HP-MPI V2.2.5.1 for Linux Release Note

Known Problems and Workarounds

• The nofile limit on large linux clusters needs to be increased in

/etc/security/limits.conf

% soft nofile 1024

For larger clusters, we recommend

— 2048 for clusters of 1900 cores or less

— 4096 for clusters of 3800 cores or less

— 8192 for clusters of 7600 cores or less

—etc.

• In order to use appfiles on HP XC Elan clusters, MPI_USESRUN must be set to 1 and the

line of the appfile may only differ in host name and rank count.

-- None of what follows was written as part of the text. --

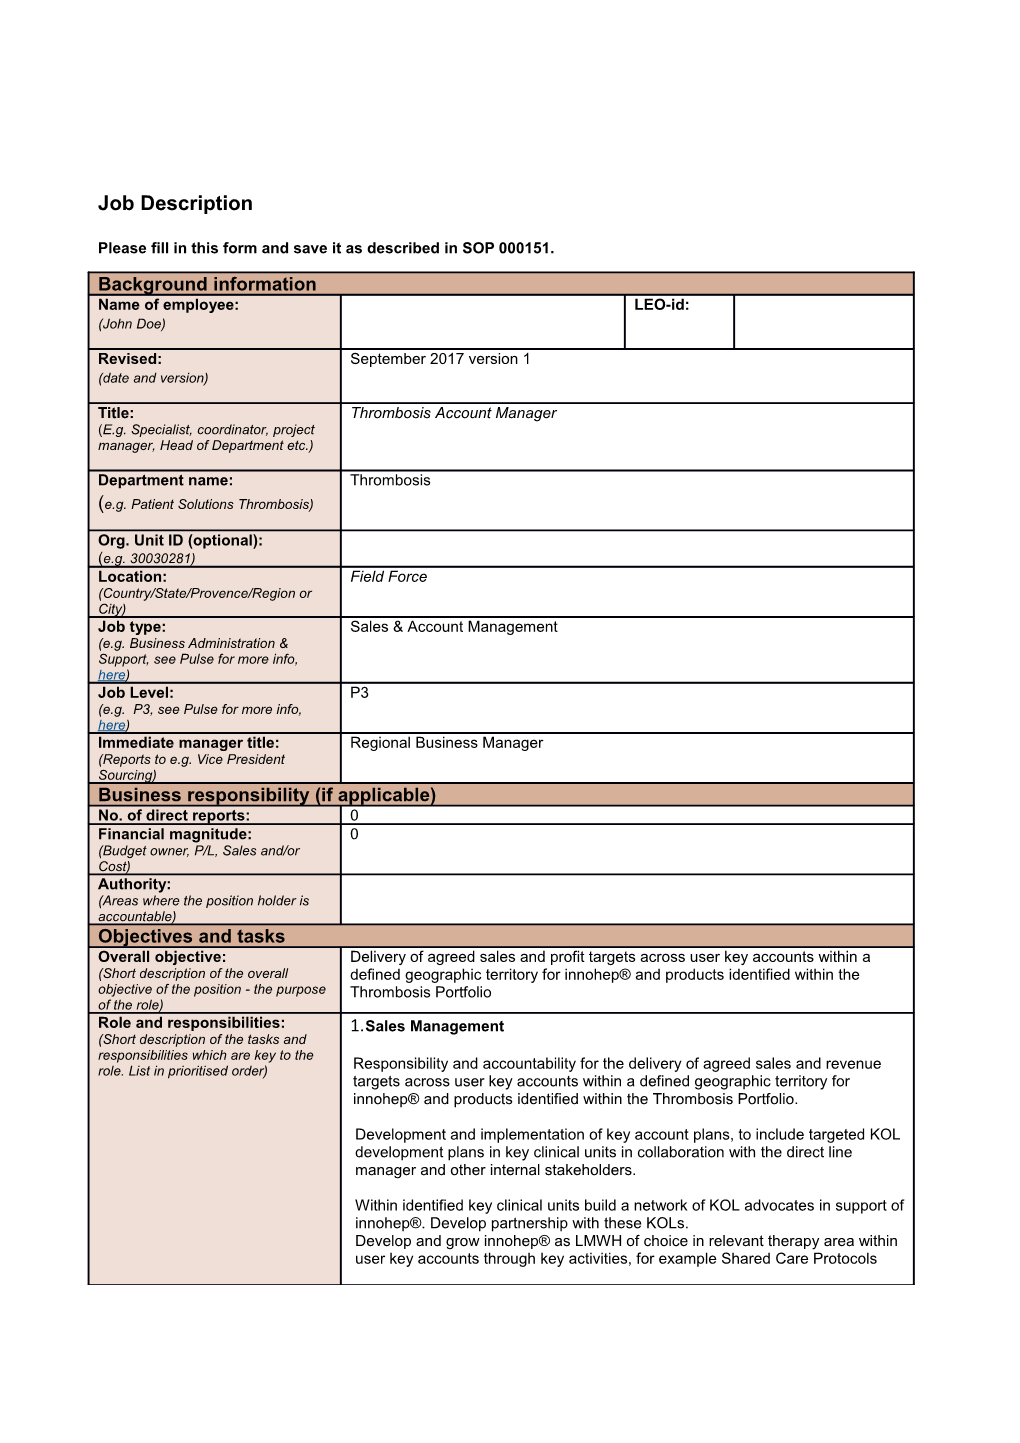 Please Fill in This Form and Save It As Described in SOP 000151

• On Quadrics interconnected clusters, the repeated use of MPI_Bcast within a tight loop

may cause an application to fail with the following Elan trap message:

ELAN TRAP - 0 - CPROC - Bad Trap

Status=lbb40005 CommandProcSendTransExpected Command=200000201

Setting the environment variable LIBELAN_GROUP_SANDF=0 will disable the latest “Store

and Forward” broadcast optimization from Quadrics while preserving all the other

optimized collectives.

• The SilverStorm uDAPL driver has an accumulating issue. If the system has been

running for more than 24 hours, and a large enough number of applications have been

run, new applications could have problems establishing new uDAPL connections. The

error occurs depending on the usage of the system. If this error occurs, reboot the system.

• There is a memory registration problem with the VAPI 3.2 driver. This error occurs if the

application always uses malloc() to get a new buffer for transferring. Even though very

little memory is actually pinned by the application, VAPI reports that it can't pin memory.

• Some older versions of Myrinet MX have a known resource limitation involving

outstanding MPI_Issends. If more than 128 MPI_Issends are issued and not yet matched,

further MX communication can hang. The only known workaround is to have your

application issue less than 128 unmatched MPI_Issends at a time. This limitation is

known to be fixed in versions 1.1.8 and later.

• When a foreground HP-MPI job is run from a shell window, if the shell is terminated, the

shell will send signal SIGHUP to the mpirun process and its underlying ssh processes,

thus killing the entire job.